What Is HTML5?

There’s been a lot of talk about HTML5 and all of the new elements it introduces. Forms will be built and used completely differently, the structure of documents will be much more semantic, and new features will be available to website and application developers.

But, what are these semantic elements? Are they really anything new? Will they change the structure of your document at all? The simple answer is “no”. The new elements, for the most part, just make your documents easier to parse and understand (for machines and for people using assistive technology). Very few of the new elements are really all that new; they’re just the same old elements with new names for new purposes.

Let’s take a look at some of the new elements. To start, we have the following:

  • header
  • footer
  • aside
  • section
  • article
  • nav
  • hgroup
  • output*

Basically, each of the elements mentioned above is nothing more than a specialized <div> tag (or possibly a <span> tag, though, I believe these are all block elements by default). With the exception of the <output> tag, they don’t really serve any different purpose, nor do they have any different attributes than a normal div. However, they will be invaluable in providing semantic data for the document.

The <output> tag is a little different, in that it actually does have some new attributes, and has a very specific purpose. It is basically the equivalent of the empty <div> many application developers used to act as a container for information returned from an AJAX request; but, when used properly, it may actually return information in HTML5 documents without any server interaction (calculations between two inputs, etc.).

Next, we have another list of elements:

  • details and summary
  • figure and figcaption

Essentially, these two pairs of tags are nothing more than fancy fieldset and legend tags. However, as far as I know, browsers will not render them quite the same way fieldsets and legends have been traditionally rendered.

The details and summary tags help express some information about the website or document currently being viewed (copyright information, etc.). You must use the summary tag as the first child of the details element; otherwise your document will not validate properly.

The figure and figcaption tags do not have the same restrictions. The figcaption element can be used anywhere within the figure element; but the concept remains the same. The figcaption is intended to act as a “legend” for the figure container.

So, then, what is truly different about HTML5?

To begin with, we do have a few new elements that are very different from anything we’ve seen in previous iterations of HTML.

  • audio, video and source
  • canvas
  • ruby, rp and rt (for East Asian characters)

HTML5 also includes some additional tags that are meant specifically for semantic purposes and, by default, do not make any difference in the appearance of the document. These are similar to the classic <b>, <i>, <strong>, <em>, <del>, etc. tags, but offer even more detailed information about the text. Many of them actually have their own attributes that help machines determine exactly what the text infers. Some of these are:

  • mark
  • time
  • meter

Document Outlines

In addition, the outlines of HTML5 documents will eventually be interpreted differently than previous versions of HTML documents. Rather than attempting to imply an outline based on the levels of headings within the document (something marked with an <h1> at the top is a top-level item, an <h2> marks the beginning of a second-level item, etc.).

However, HTML5 documents are expected to have more explicit outline definitions. The <section> and <article> tags are intended to separate the items within the outline.
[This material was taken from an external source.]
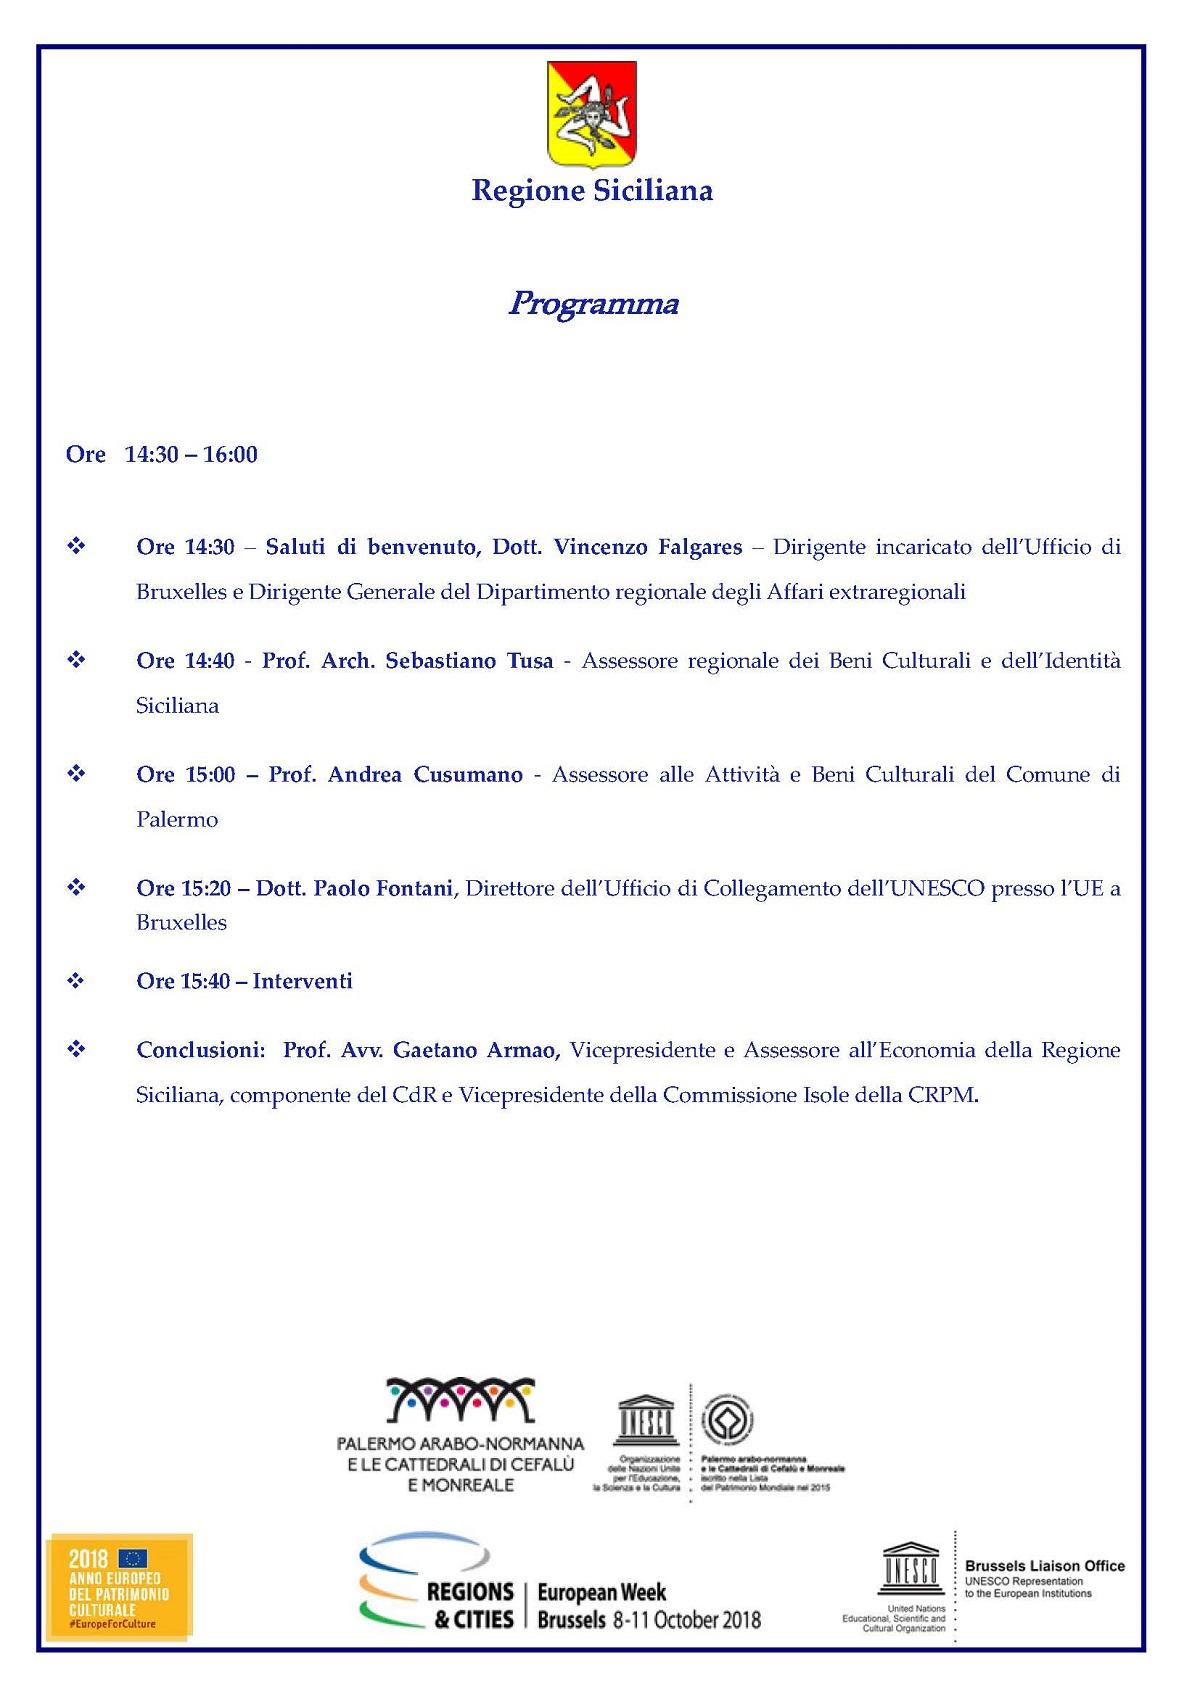 PROGRAMMA IN ITALIANO_Pagina_2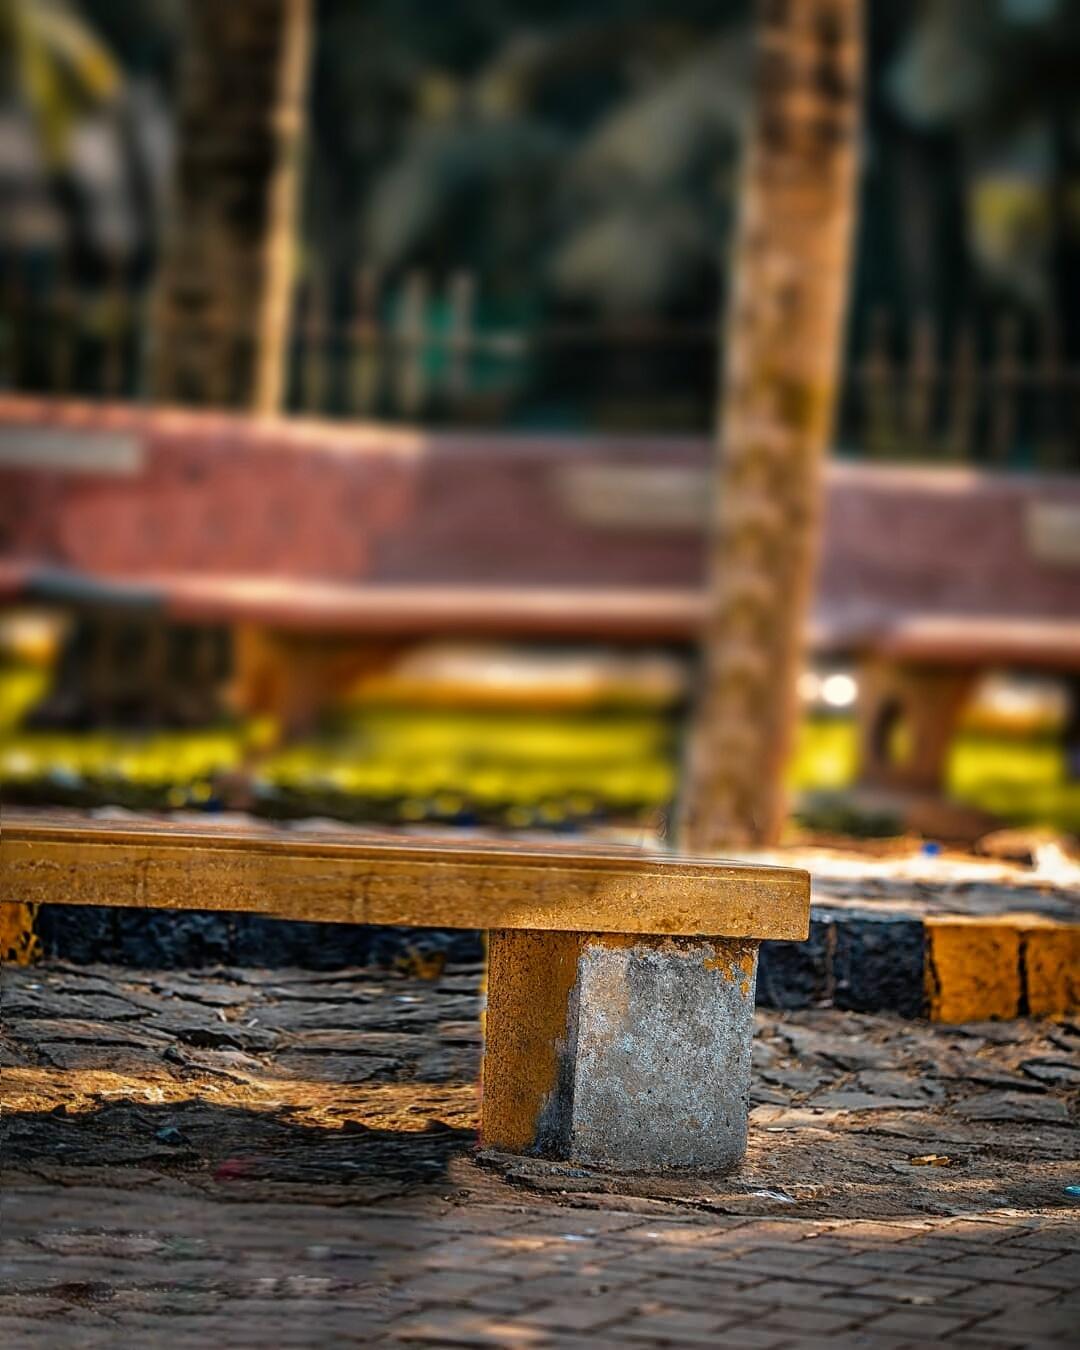 Picsart Editing Background Hd Photos Download

In fact, every new block level element (<header>, <section>, <article>, <footer>, etc.) is supposed to start with an <h1> heading. If a <section> or <article> is nested within another <section> or <article>, the outer element will be considered a top-level item in the outline, while the inner item will be a second-level item in the outline.

If you plan to use any headings that should be left out of the outline (subtitles, for example), you should use the <hgroup> tag to bind them together. So, if you have an article with the title of “What is HTML5?” and a subtitle of “A short guide to the new HTML5 elements“, you would use the following code to keep the subtitle from showing up as the second level of the outline:

<hgroup>
<h1>What is HTML5?</h1>
<h2>A short guide to the new HTML5 elements</h2>
</hgroup>

Further Reading

If you are interested in reading more about HTML5, you can check out the current list of elements allowed in HTML5 over at the W3C (though, please keep in mind that the list is somewhat in flux, and is actually being discussed in two completely separate working groups).

If you’re interested in actually learning how to use the new elements, you can take the SitePoint “HTML5 Live” course with John Allsopp. Be aware that this course is not intended for complete beginners. The course expects that students already have a good HTML foundation, and really only explores how the new elements differ from existing HTML elements. Also (at least, when I took the course – as part of the first group to take the course), it was put together as a live course; so John does make some mistakes and misstatements throughout. If you’re expecting a perfectly edited, top-of-the-line, professional course, you should look for local training in your area. However, for less than $10, I don’t see any reason not to at least try the course. I thoroughly enjoyed it, and got a lot of fantastic information out of it.